At the dawn of June 14th, three police officers, who the respondent described to look like the officers in the airport, arrived to the building in a police car. Additionally they were wearing yellow safety vests. He was handed over to them, but neither of them spoke English so he could not get information on where he was going. He was told to enter a police car (caddy) and driven for around 20 minutes. At the arrival he was taken into a building, which he described as looking like a prison or a zoo. There were many empty small cells with iron bars and signs in different languages saying eg “don’t fight”, “don’t kill yourself”. In the cell, he was given two bottles of water and access to a toilet for the first time in more than 12 hours, but still no food. No one of the present officers answered questions about his status and whereabouts, the answer he go was: “no english”. He was still woken up every time he fell asleep. He was kept in this cell until around 8 am of the following day (June 15th). Then he was told to go to the toilet and was given back his luggage and valuables. In a small room his foto and fingerprints were taken again. Outside, he was handed to two police offiers in a police van that looked like the other officers in the prison. He didn’t get an answer when he asked where they would go. The back of the van was described to look like a prison, without windows. They were driving for around 2-3 hours. They stopped on the road between the two border fences close to the border crossing of Kelebia, at a door in the border fence. The respondent identified the approximate coordinates of “the door” due to an abandonned house close by and the dinstance he had later walked to the Kelebia border crossing, which was about 40 min. away (46.153629,19.537612).

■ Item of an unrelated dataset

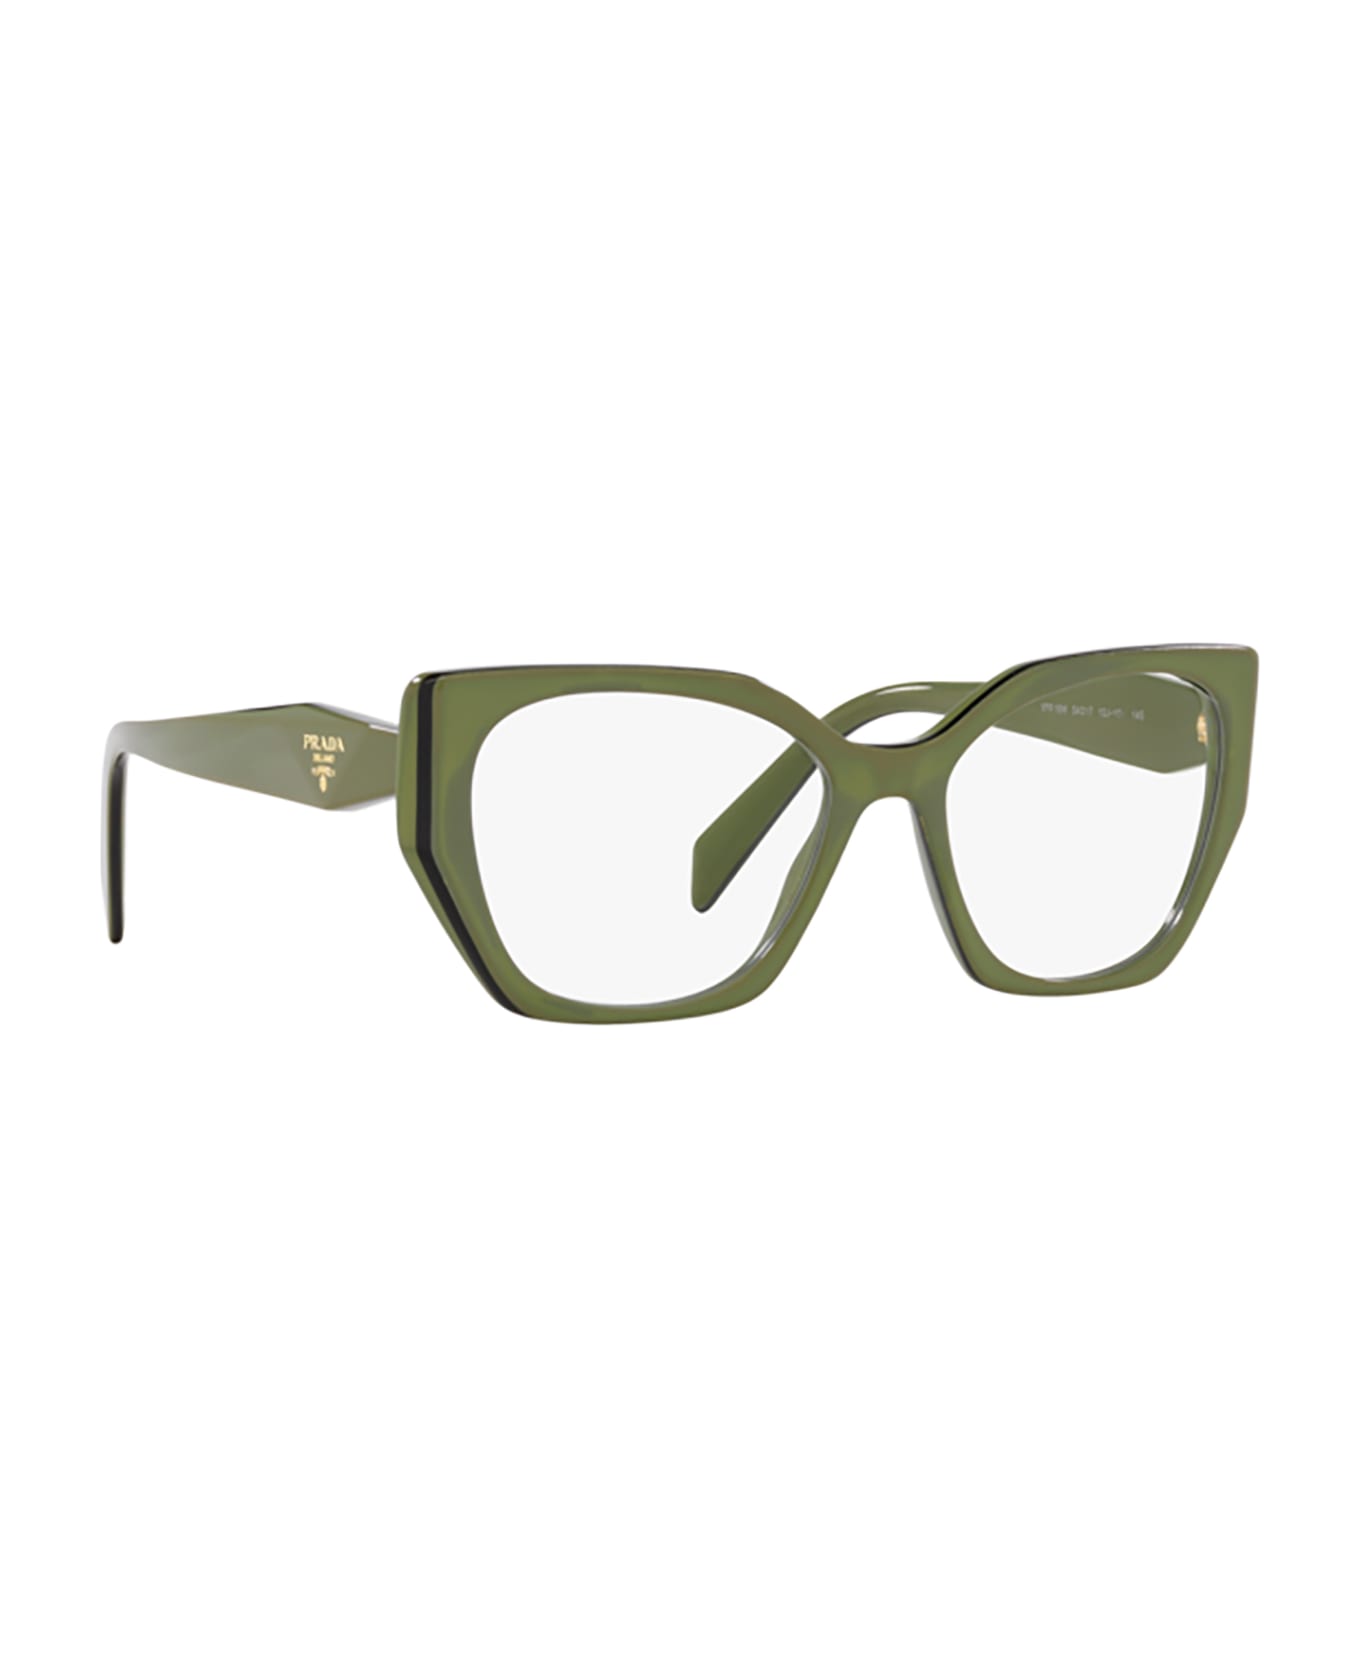 Prada Eyewear Pr 18wv Sage / Black Glasses - Sage / Black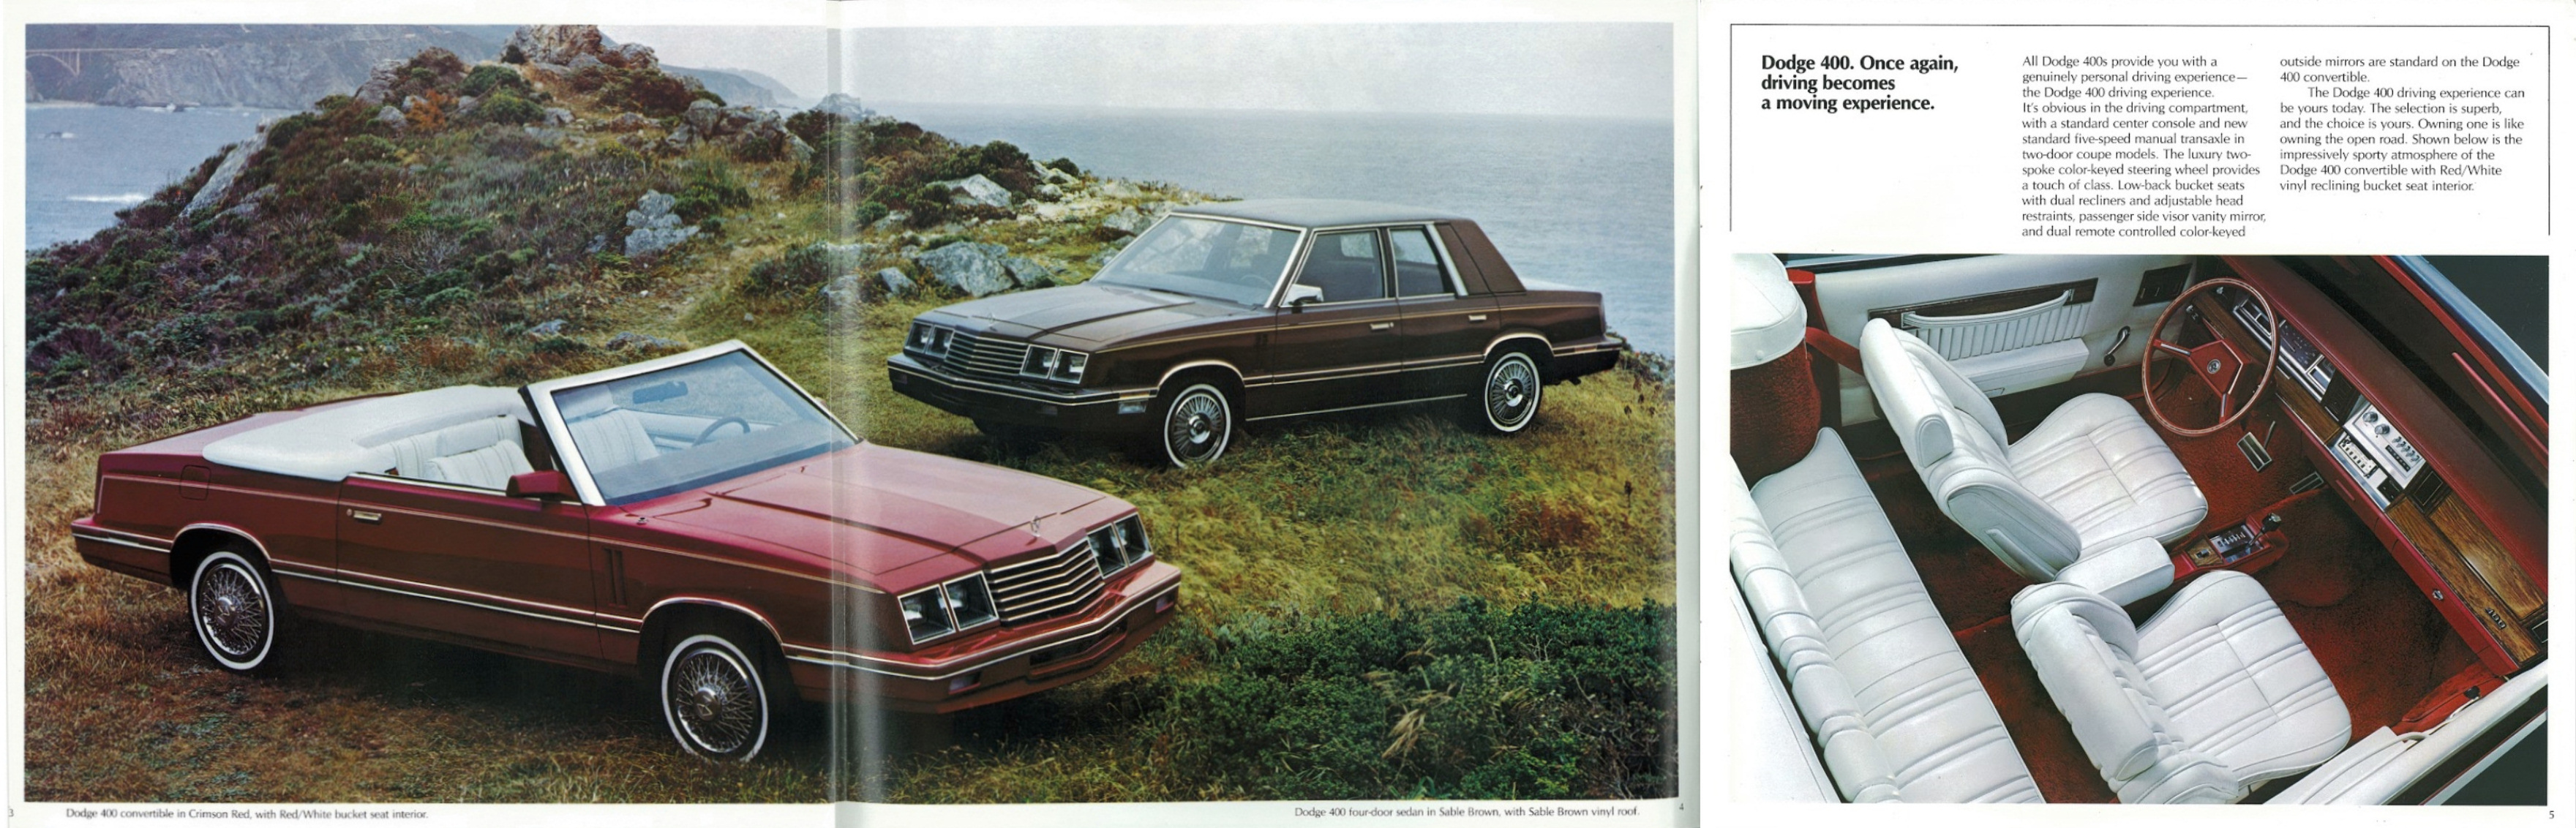 1983_Dodge_400-03-04-05

At the door he was handed on to 8 Hungarian police officers in two police cars who didn’t speak english. The respondent described them as looking different from the officers before, although he could not remember the exact nature of the difference. He refered to them as “border police”. One of the officers was in plain clothes and carried a camera. He was told to walk back and forwards, “like a catwalk”, the camera man also filmed his head and face close up. They opened the door to the Serbian side, told him to “go away!”, and followed him with binocculars to make sure that he would not attempt to return back across the fence.

The respondent then walked for around 30-40 minutes to the border crossing of Kelebia to ask for asylum with the documents, as he was told in Budapest. But the Serbian as well as the Hungarian officers he approached told him to go away.